◆ **Exercise**
Skip the pictures and write out, word for word, the lines below from the one with "close up of" through the one with "A bottle of", inclusive.
Given records START
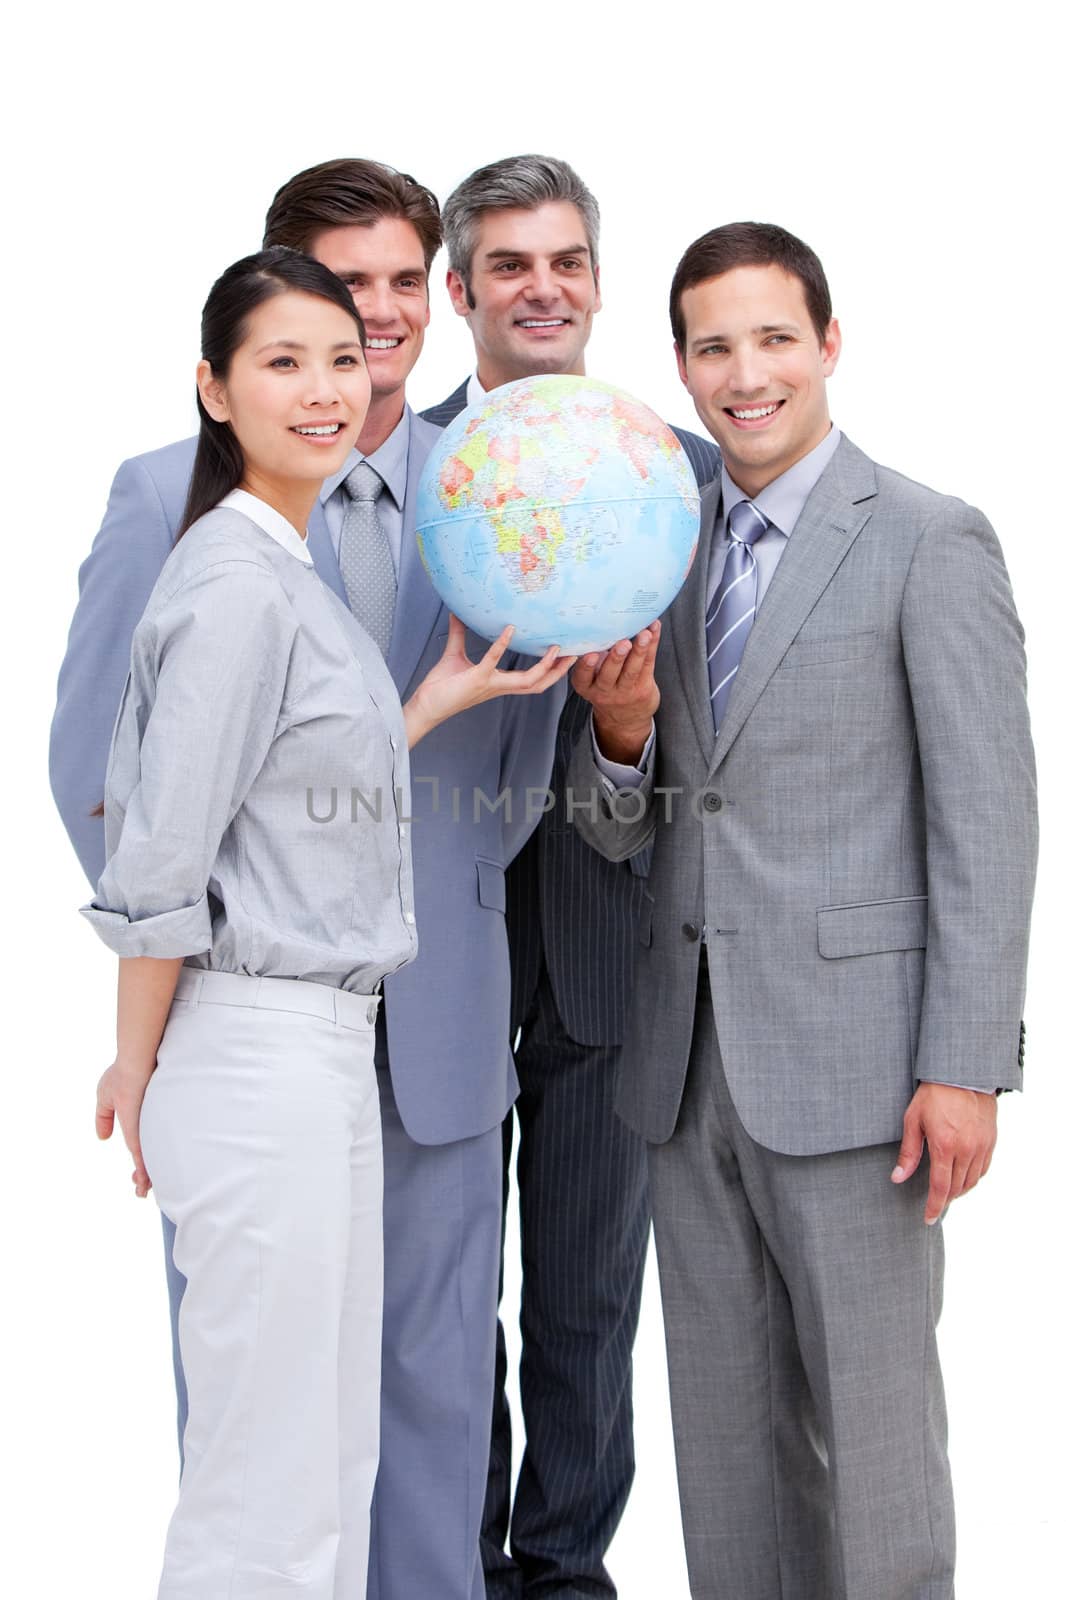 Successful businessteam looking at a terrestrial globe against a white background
Given records END
Given records START
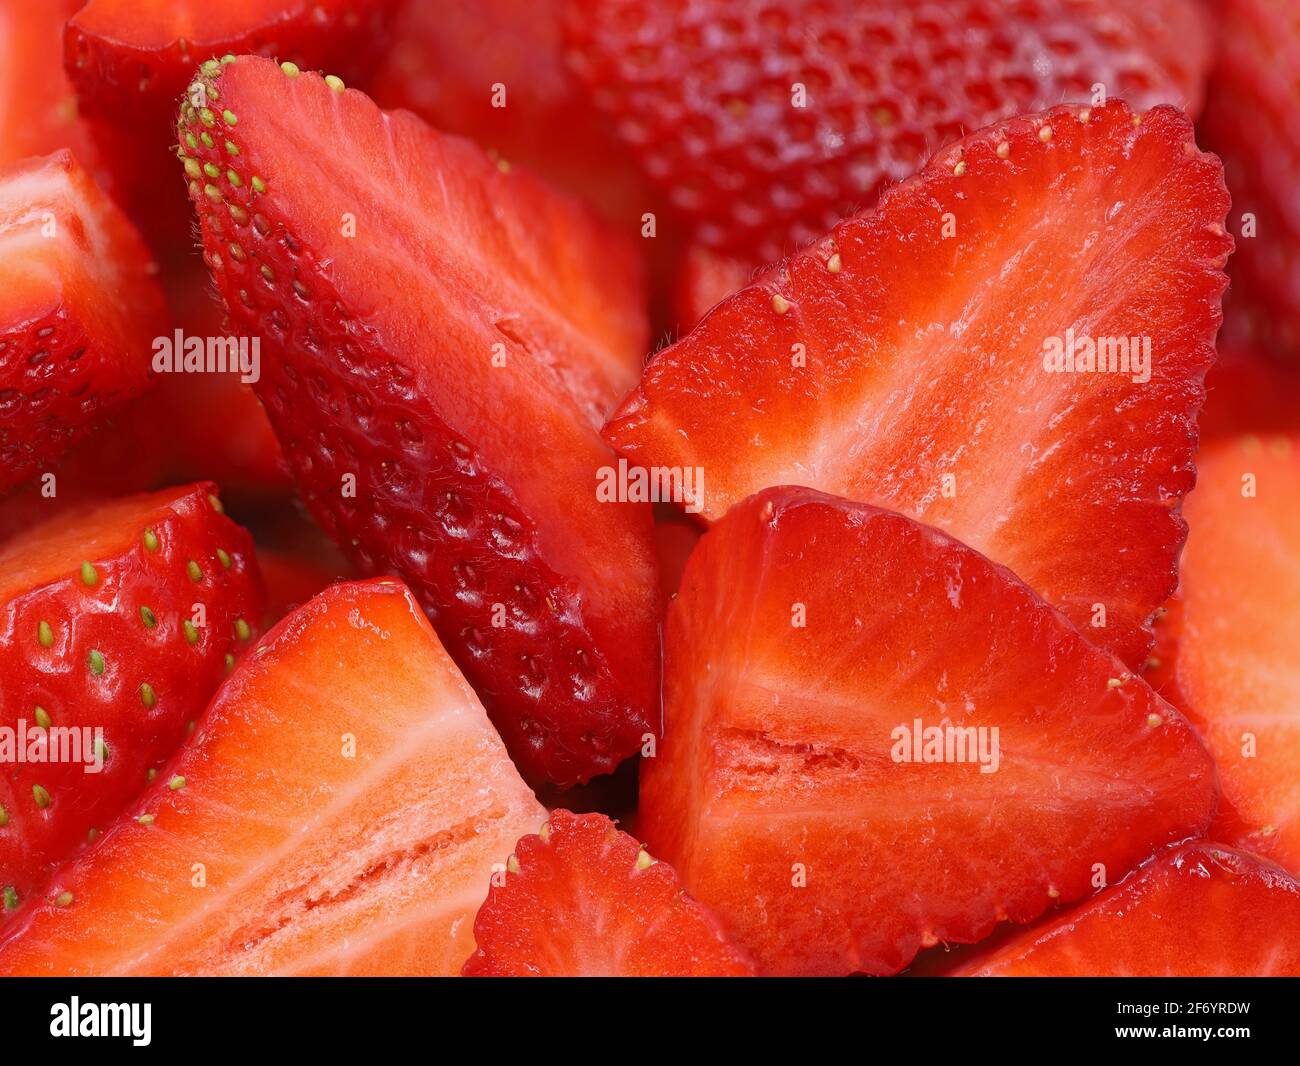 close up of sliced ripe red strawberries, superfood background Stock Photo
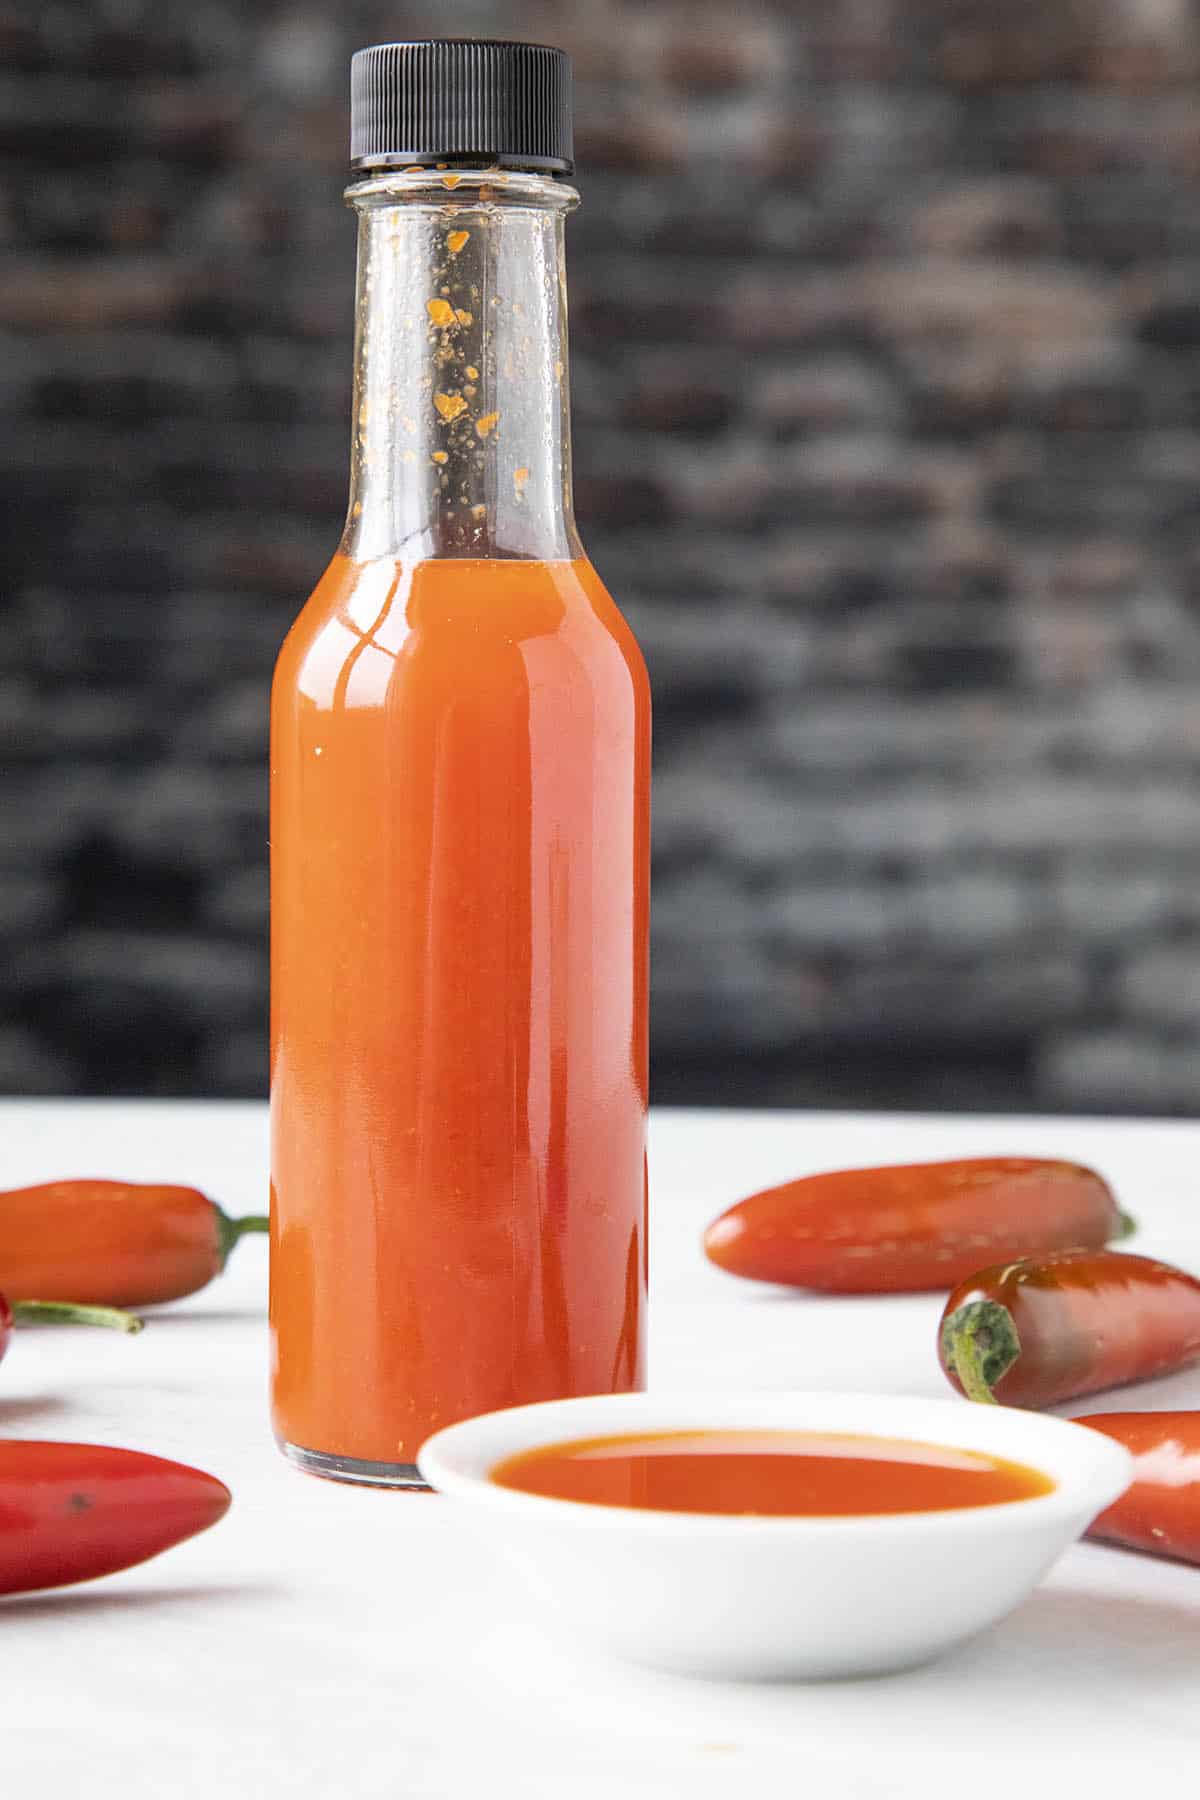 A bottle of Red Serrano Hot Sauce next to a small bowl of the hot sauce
Given records END
◆ **Your solution**
 close up of sliced ripe red strawberries, superfood background Stock Photo
 A bottle of Red Serrano Hot Sauce next to a small bowl of the hot sauce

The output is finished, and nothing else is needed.